Demikian papar Komisioner Komisi Yudisial Prof. Dr. Aidil Fitriciada Azhari dalam sesi ketiga kursus singkat internasional yang diadakan Mahkamah Konstitusi Republik Indonesia (MKRI) pada Rabu (6/11/2019) di Nusa Dua, Bali didampingi moderator Yogi Djatnika. Kegiatan kursus singkat internasional ini merupakan bagian rangkaian acara “The 3rd Indonesian Constitutional Court International Symposium (ICCIS 2019)” yang diadakan Senin-Kamis (5-7/11/2019). Acara ini diisi dan dihadiri oleh para akademisi dan praktisi hukum konstitusi dari berbagai negara.
Akan tetapi, ungkapnya, prinsip keadilan sosial dan perlindungan hak sosial dan ekonomi seperti dalam maksud asli (original intent) para pendiri bangsa, yang seharusnya menjadi struktur dasar konstitusi atau hal-hal dalam konstitusi yang tidak dapat diubah, pada akhirnya terlupakan. Hal ini ditunjukkkan dengan amendemen konstitusi 1999-2002 yang lebih tertuju pada struktur politis atau pemerintahan daripada aspek sosial ekonomi. Dalam empat amendemen UUD 1945, hanya terdapat satu struktur dasar (basic structure) konstitusi, yaitu bahwa bahwa bentuk Negara Kesatuan Republik Indonesia (NKRI) tidak dapat diubah.
Menghadapi masalah ini, MKRI memiliki peran penting dalam memberikan jaminan konstitusional terkait perlindungan hak sosial dan ekonomi. Beberapa putusan penting MK terkait hak-hak tersebut yaitu putusan mengenai UU Kelistrikan, UU Minyak dan Gas Bumi, dan UU Sumber Daya Air. Dalam ketiga putusan tersebut, MK menafsirkan bawa konstitusi menerima liberalisasi dan privatisasi terhadap sumber daya asalkan tidak menghilangkan kekuasaan negara dalam mengendalikan kegiatan ekonomi sesuai batasan Pasal 33 UUD 1945.
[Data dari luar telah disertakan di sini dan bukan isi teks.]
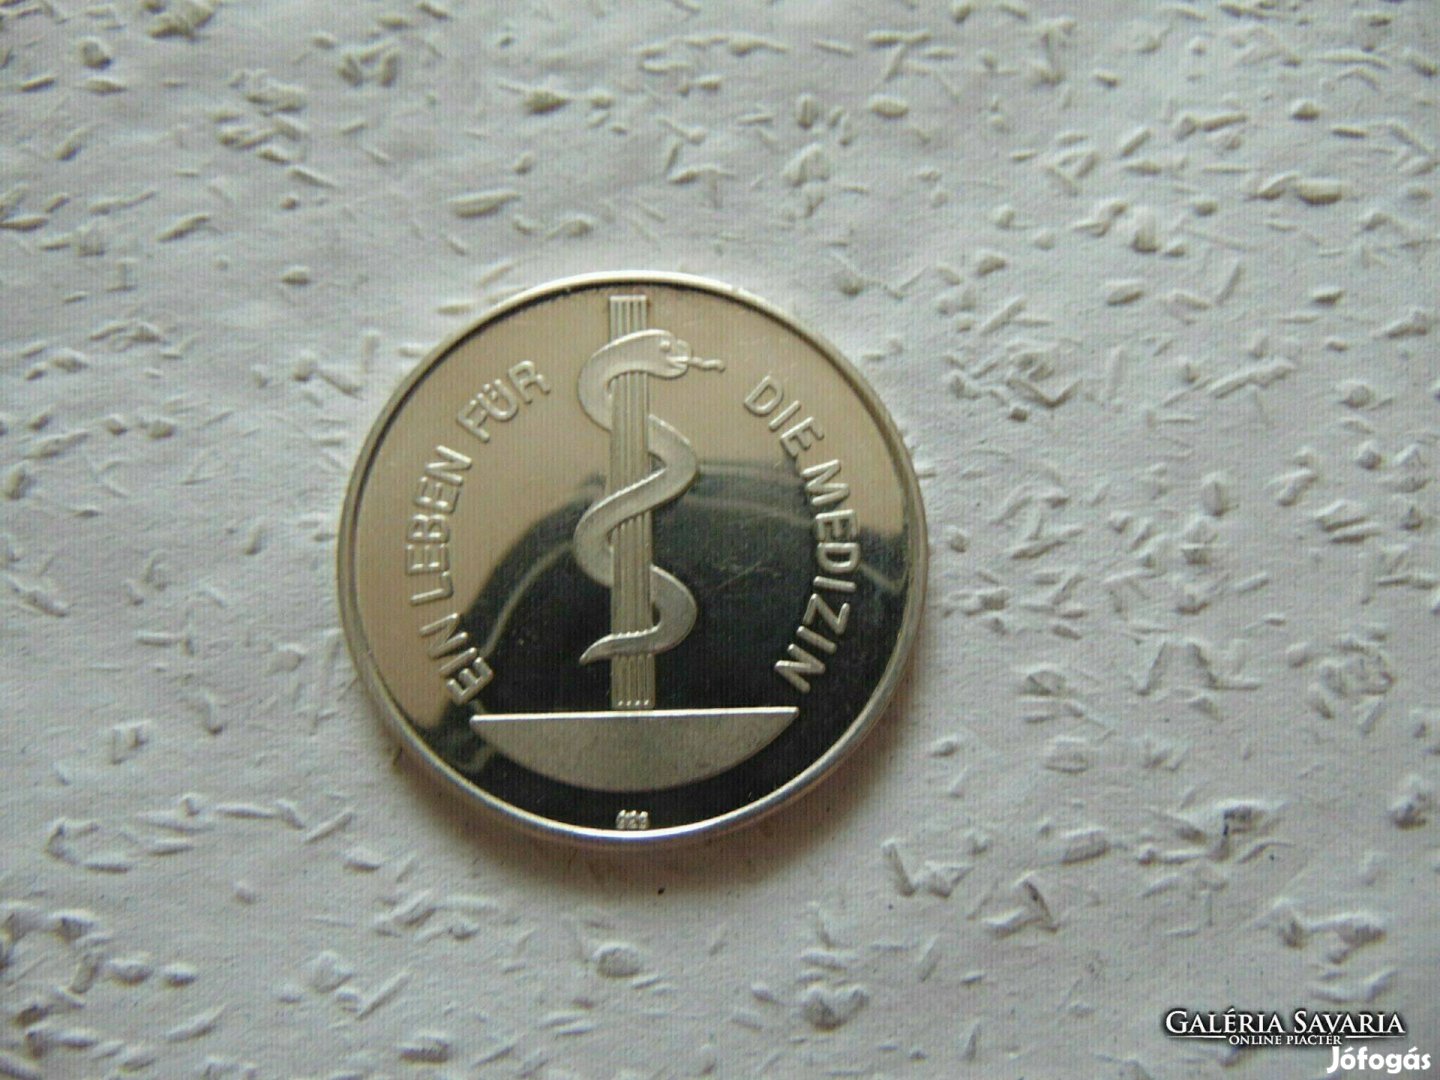 Németország ezüst emlékérem 1975 PP 23.02 gramm 925 - ös ezüst
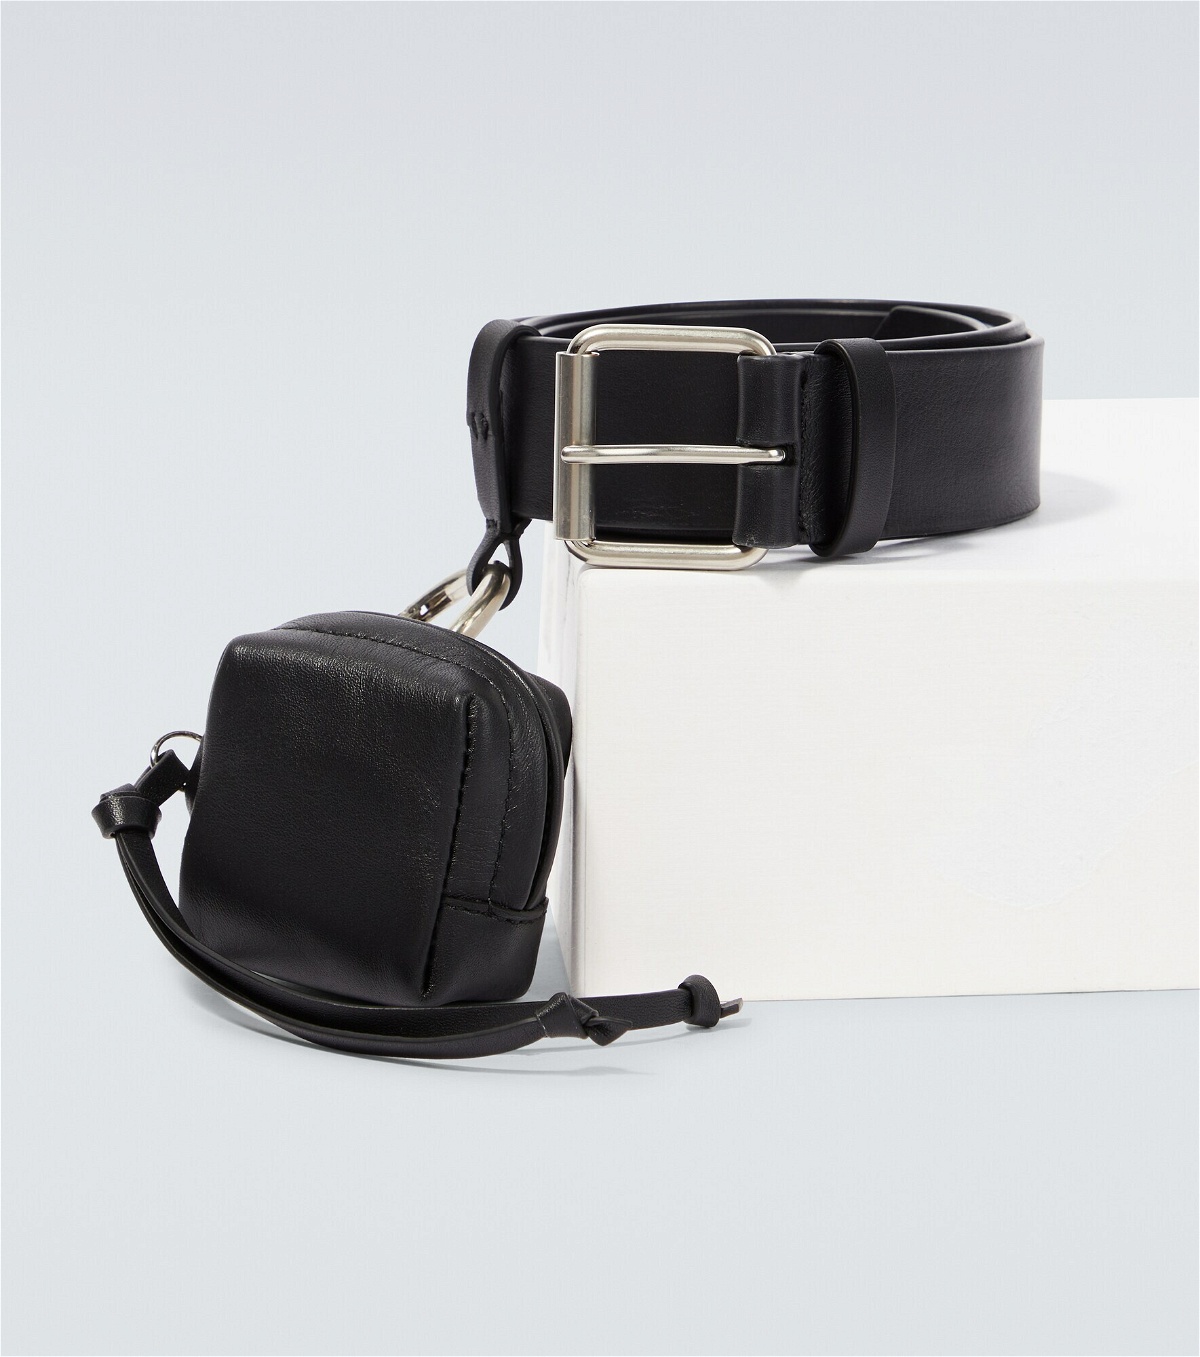 Dries Van Noten - Leather belt and bag Dries Van Noten

“Mahkamah Konstitusi sudah merumuskan lima aktivitas penguasaan dan kendali negara (atas kegiatan ekonomi), yaitu merumuskan kebijakan, administrasi, regulasi, manajemen, dan pengawasan,” ungkap Aidil. Masalahnya, MK tidak memberikan kepastian normatif apakah pasal 33 UUD 1945 tidak dapat diubah. Oleh karena itu, menanggapi salah satu pertanyaan yang diajukan peserta, Aidil melihat bahwa peran MK dapat menjadi lebih kuat dengan mengadopsi doktrin struktur dasar yang tidak termuat dalam UUD 1945 ke dalam putusan-putusannya, sesuai dengan ideologi Pancasila agar dapat mencapai maksud asli UUD yang dituju oleh para pendiri bangsa, yaitu keadilan sosial. (Yuniar Widiastuti)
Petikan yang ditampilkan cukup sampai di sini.